Furthermore, the multi-antenna and diversity receiving mode adopted in the embodiment can overcome the blocking and shielding problems by receiving signals from different directions. Even if some antennas are blocked, other antennas can still receive signals, thereby increasing the chance of reception. In addition, multi-antenna diversity reception can compensate for signal attenuation caused by path loss by receiving signals from multiple antennas. The received signals may be combined by a suitable signal processing algorithm to improve the strength and quality of the received signal.

430. And analyzing the total signal to obtain the battery parameters of each battery module.

In this embodiment, the first radio frequency chip converts the total signal into a digital signal, demodulates the digital signal by using a data frame format generated by handshaking the battery management unit and the monomer monitoring unit, and extracts the battery parameter in the total signal.

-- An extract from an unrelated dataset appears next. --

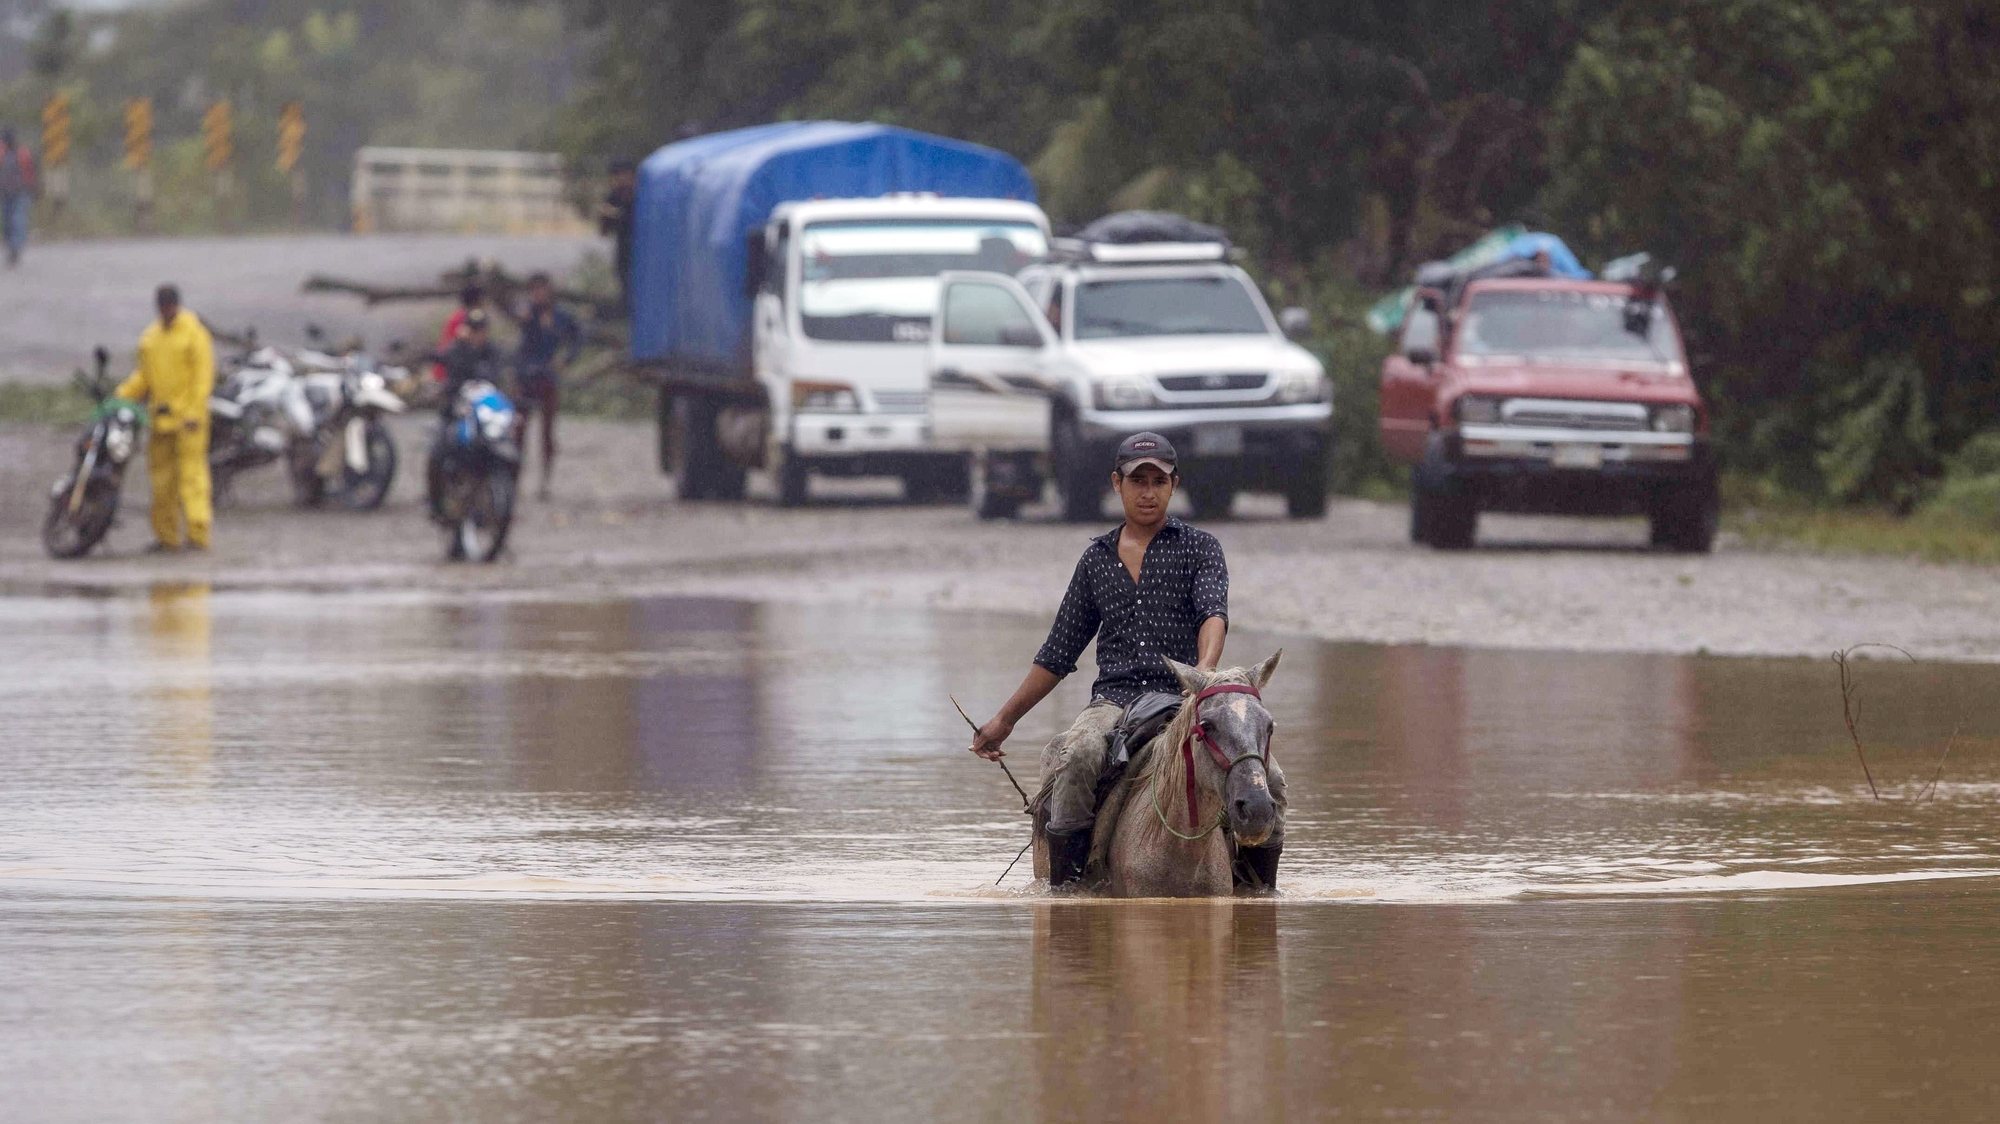 epa08798473 A farmer mounted on his horse crosses a flooded road in the Okonwas community during the passage of Hurricane Eta on the north Caribbean coast in Rosita, Nicaragua, 04 November 2020. The dangerous hurricane Eta, which made landfall in Nicaragua this Tuesday as a category 4, weakened to a tropical storm, but is still expected to cause problems in parts of Central America, before leaving for the Caribbean again.  EPA/JORGE TORRES

In another embodiment, before receiving the radio frequency signals transmitted by the antennas connected to the communication interface, the method further includes:

determining a current communication mode of the battery management unit, and selecting a corresponding communication protocol from a preset protocol library based on the communication mode;

and adjusting the receiving paths corresponding to the antennas based on the communication protocol so as to control the antennas to receive radio frequency signals.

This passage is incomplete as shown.